Structures for uploaded compounds must be drawn with the embedded JSME editor. The user has to fill in four mandatory fields: (a) a unique molecule identification code, which will help if other researchers contact the owner, (b) whether the structure has been properly designated with respect to chirality and double bonds configuration, (c) how the molecule will be delivered, i.e., pure compound, mixture of isomers, or theoretical (of course, a theoretical entry cannot be delivered and should be considered as an inspiration source for researchers involved in chemical synthesis), and (d) the origin of the molecule, i.e., natural or synthetic. Fields (b) and (c) will be taken into account together for verifying the data coherence and to prevent low quality information: Chemotheca allows the upload of theoretical or pure compounds if their chemical structures explicitly report chirality and double bond configuration. This is not mandatory for compounds delivered as a mixture. By using the corresponding menu, both experimental and theoretical information, and references can be added. These data can be included also for already available structures, owned by different users. In this case, the new properties will be linked to the molecular structure and a new ownership, related to the corresponding information, will be added.

Further Development

The Chemotheca has reached a stable state of development.

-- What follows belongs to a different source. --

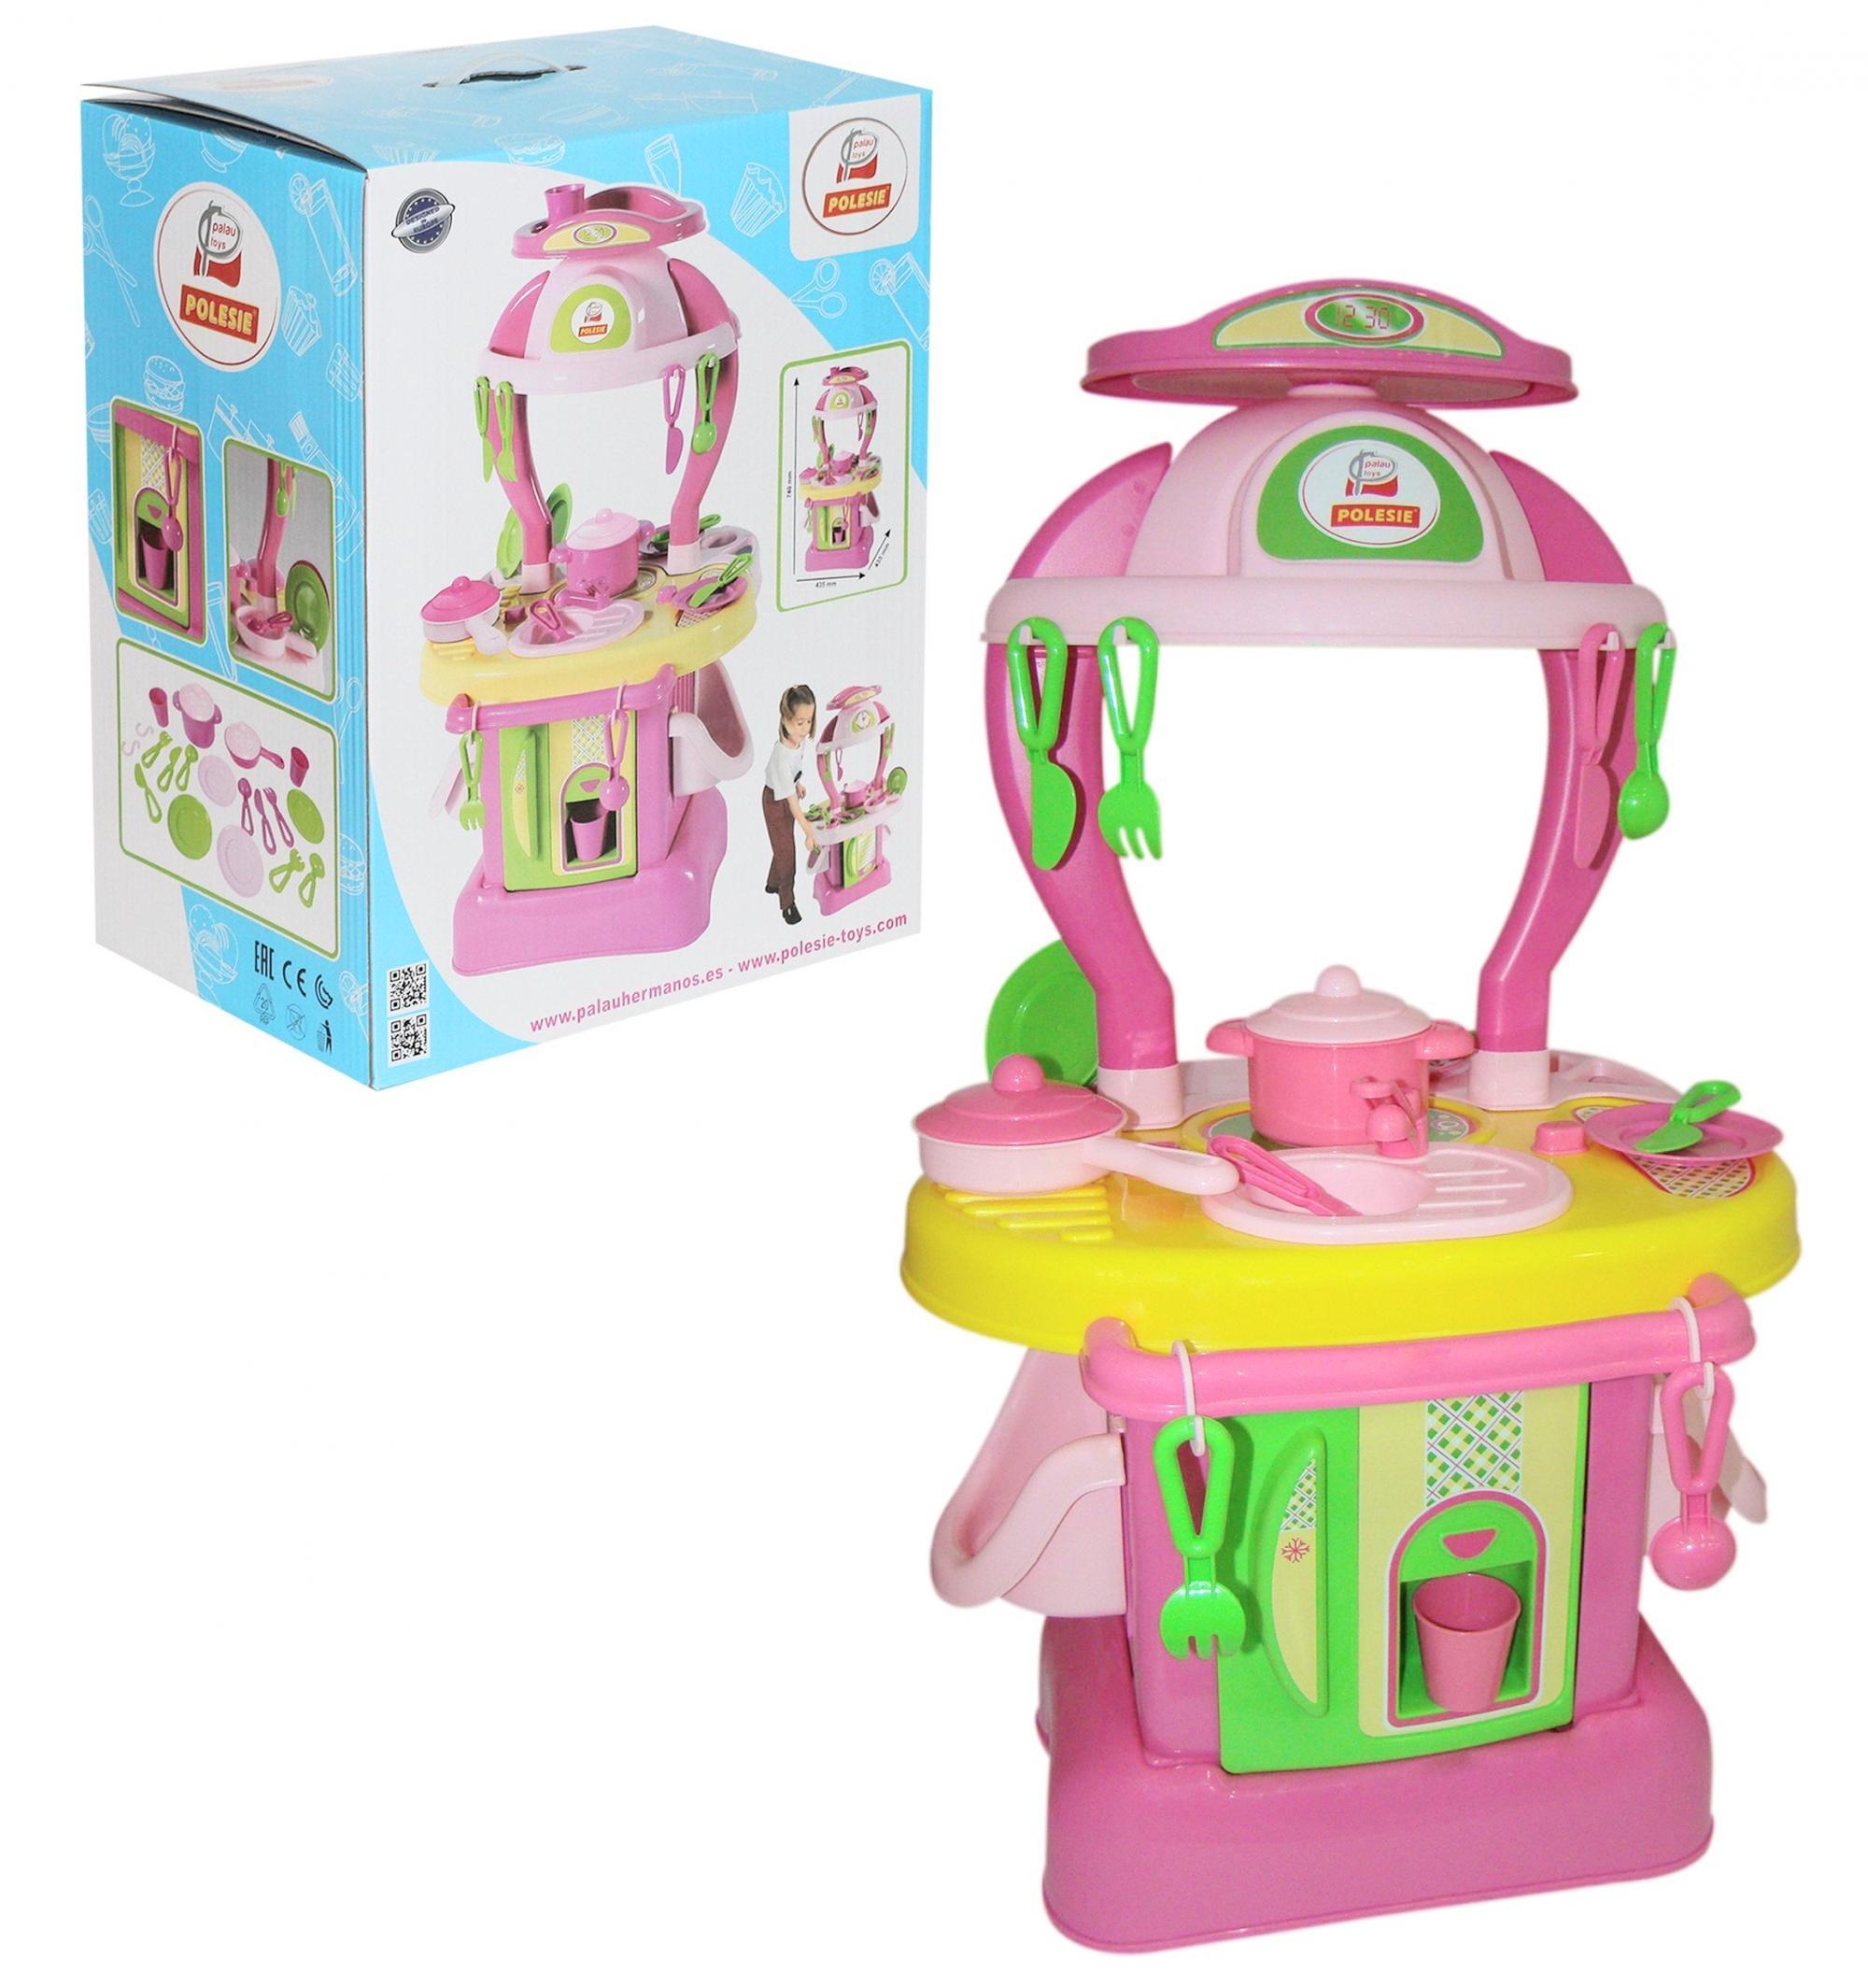 04bdf7e6c82c51 POLESIE ZESTAW KUCHNIA +akcesoria dla dzieci 42583 - 7072540823 ...
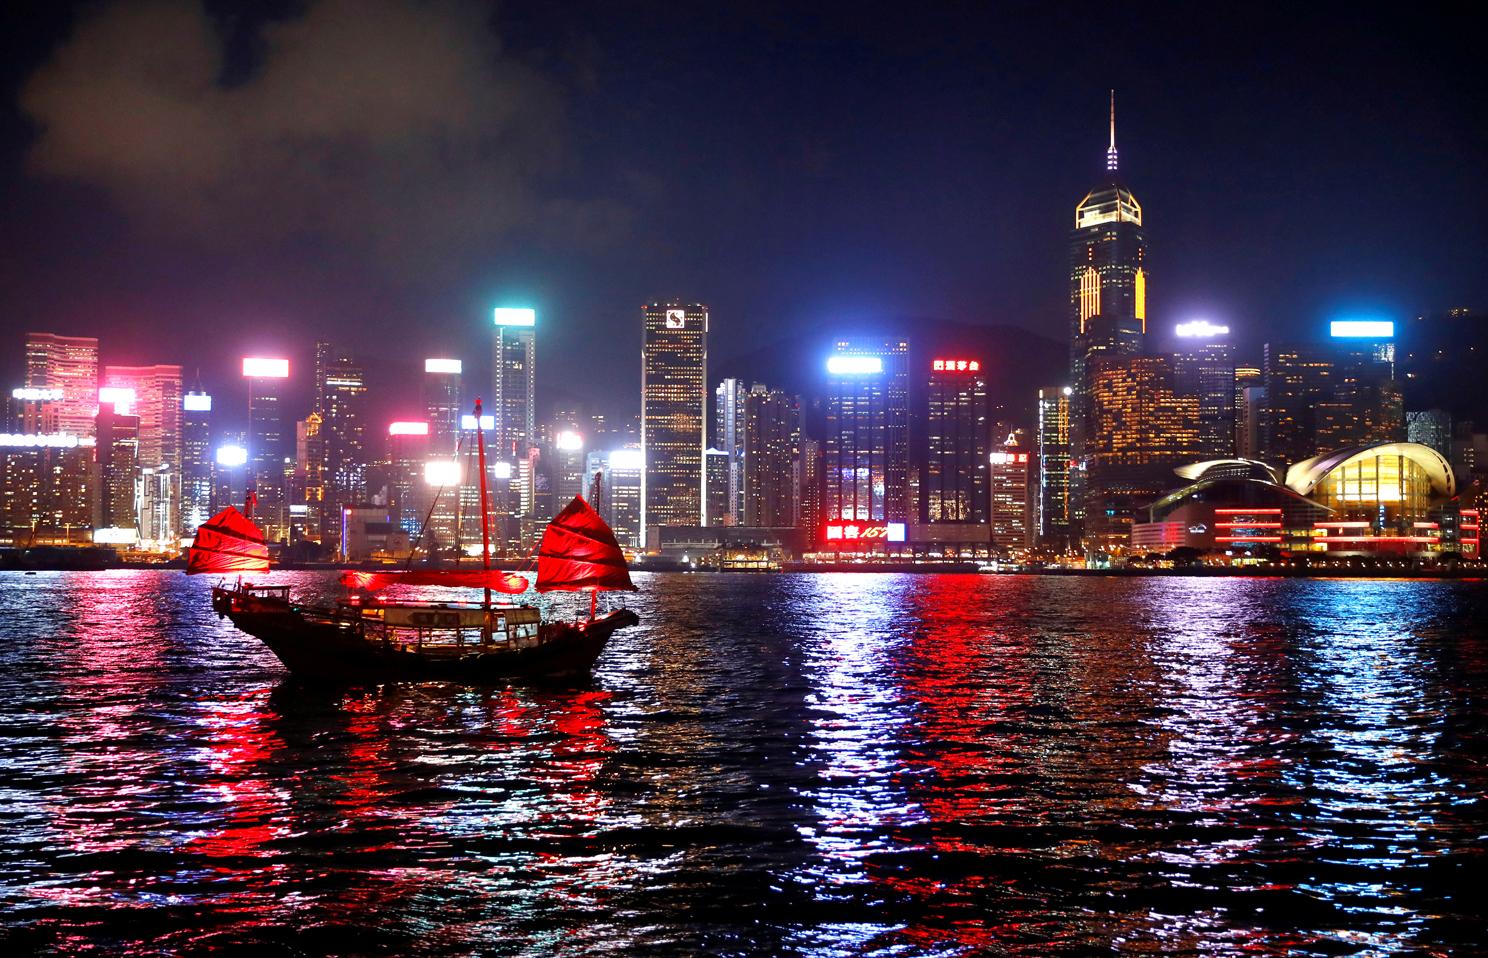 Η νύχτα φέρνει μαζί της τα πιο όμορφα χρώματα καθώς ένα μικρό καράβι διασχίζει την θάλασσα με φόντο την συνοικία Τσιμ Σα Τσούι στο Χονγκ Κονγκ. Στη στεριά συνεχίζονται, στο μεταξύ, οι συγκρούσεις μεταξύ αστυνομίας και διαδηλωτών

At present, the web interface allows for a single-compound upload only. This is a limitation when several/multiple structures need be added. At the moment, it is possible to overcome such a limitation by filling in a spreadsheet template furnished by the Chemotheca's developers. In the near future, a multiple compounds upload facility will be implemented. Another feature under development is the possibility, for the corresponding owner, to edit the information included in the database. For now the data editing, excluding the personal information, is possible only by contacting the developers. Finally, a new advanced search form is under development: it will allow the database search by using activities as query criteria. The Chemotheca's developer team is open to suggestions and offers to contribute.

Conclusion

According to the mission of COST ACTION CA15135, a computational platform has been developed for stimulating scientific collaboration among research groups worldwide, focused on multi-target ligands identification and compound-repurposing. Already about one hundred researchers are registered and are frequently using the system to search and upload compounds and related information.

Author Contributions

FO: Coordinator and Software developer; DB: Software debugging and database population; AM: Software debugging and database population; CT: Software developer; MB: Software features design; NH: Software features design; FB: Software feature design and database population; SB: Software debugging; TL: Software design and debugging; HS: Software design and debugging; SA: Software design and debugging.

Conflict of Interest Statement

SB is affiliated with Inte:Ligand GmbH and declares no competing interests.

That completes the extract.